Information provided:
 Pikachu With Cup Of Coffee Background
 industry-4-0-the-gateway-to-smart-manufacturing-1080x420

...

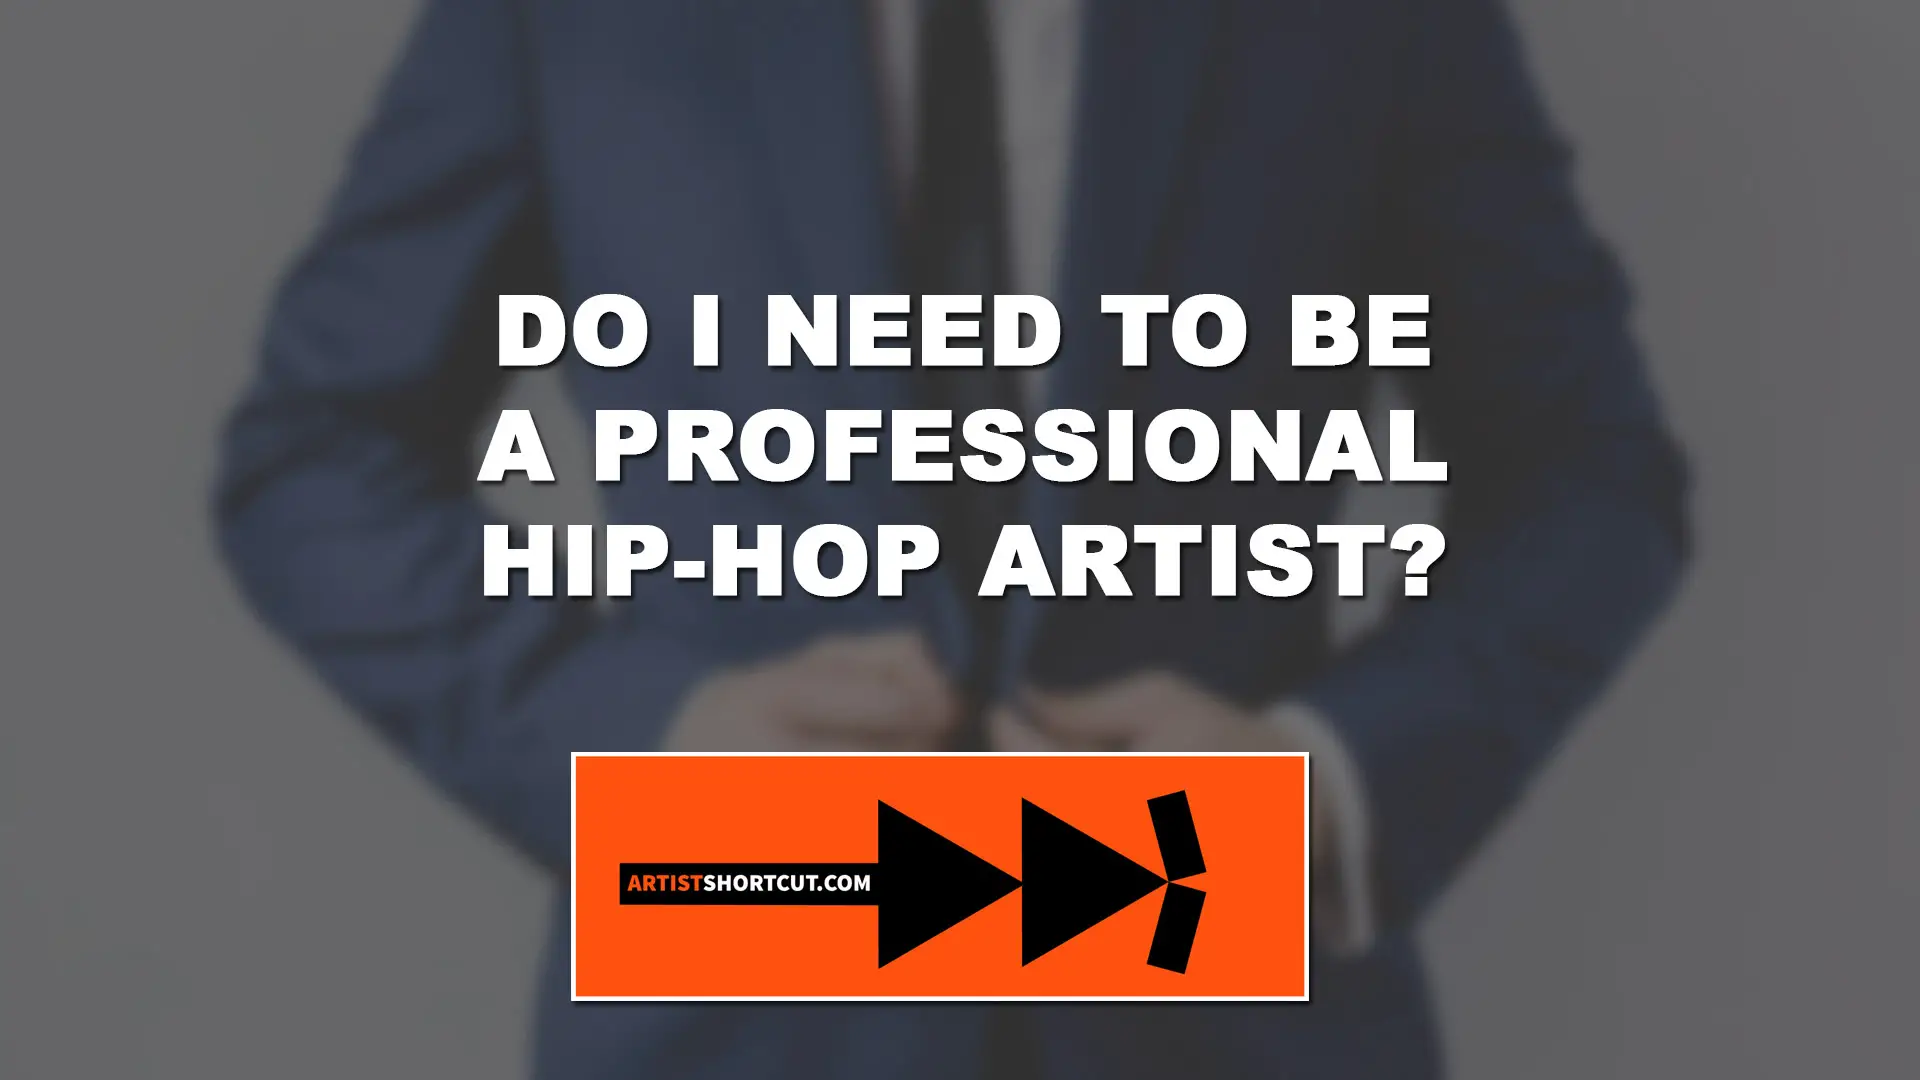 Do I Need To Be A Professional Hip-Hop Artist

...

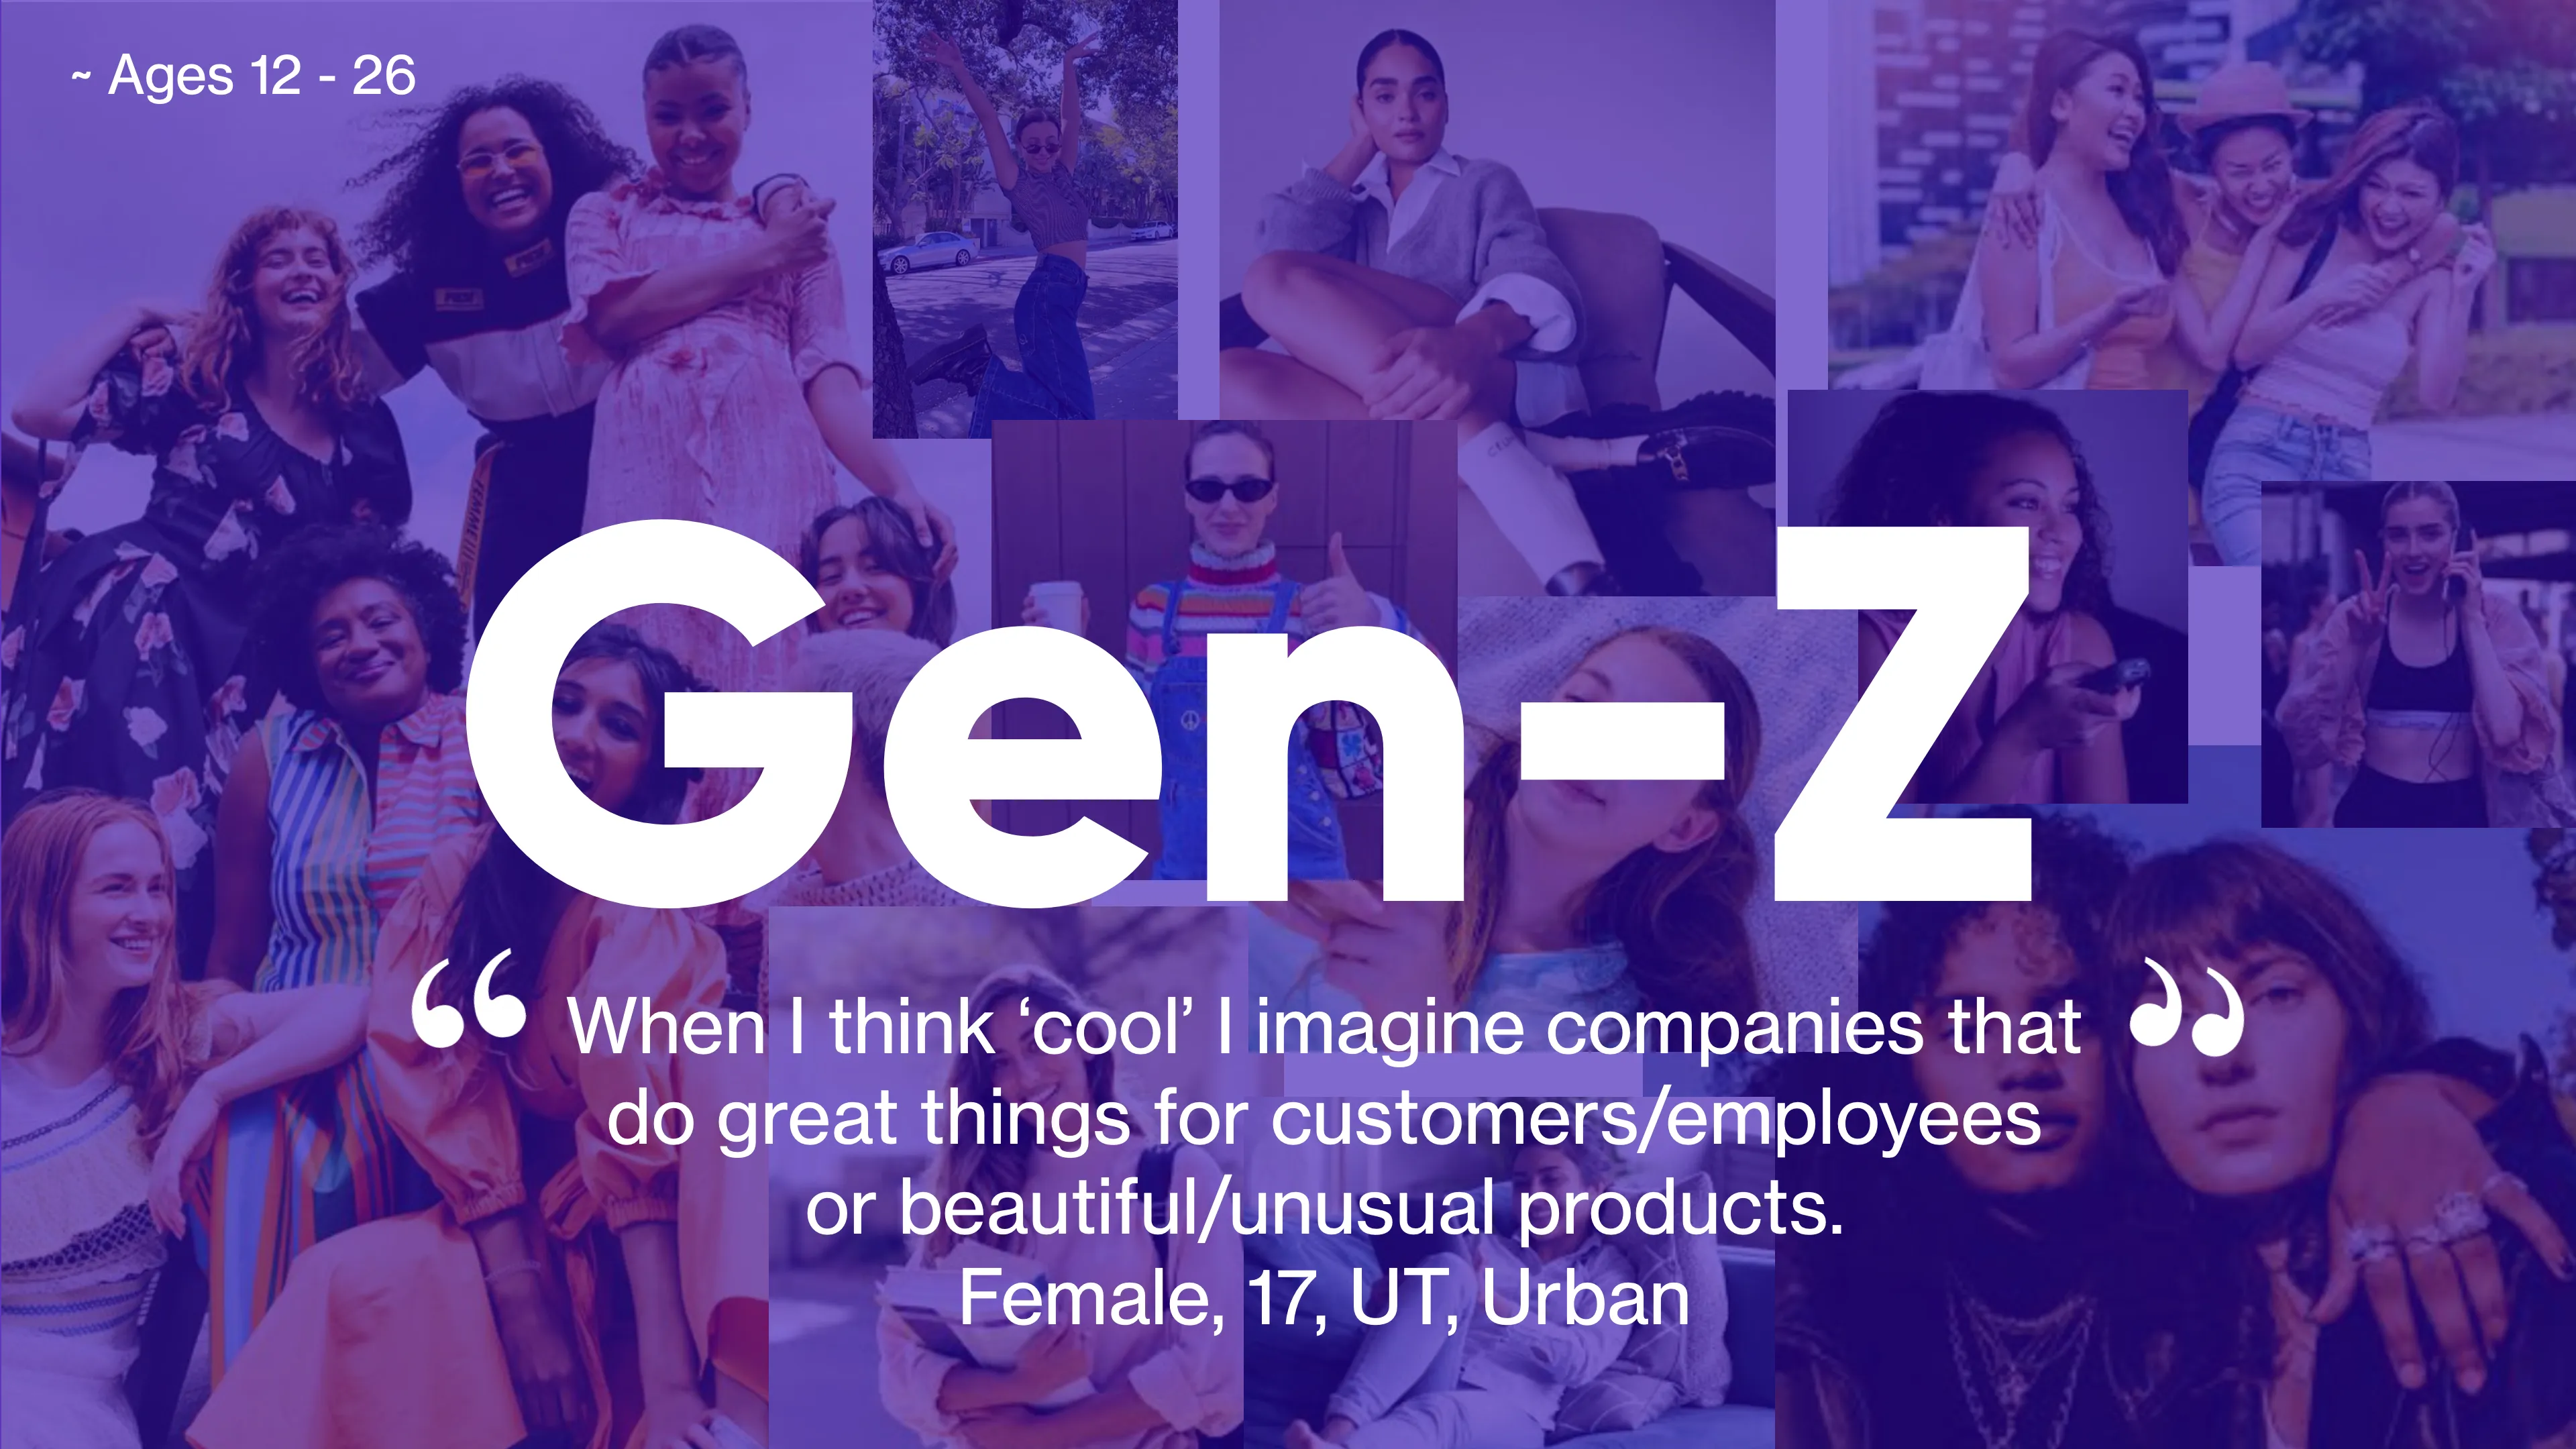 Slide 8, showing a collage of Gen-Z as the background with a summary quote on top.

Assigned task:
Repeat the entries above verbatim, but only from the line that has "Pikachu With Cup Of Coffee Background" down to the line that has "industry-4-0-the-gateway-to-smart-manufacturing-1080x420", inclusive.

Answer below:
 Pikachu With Cup Of Coffee Background
 industry-4-0-the-gateway-to-smart-manufacturing-1080x420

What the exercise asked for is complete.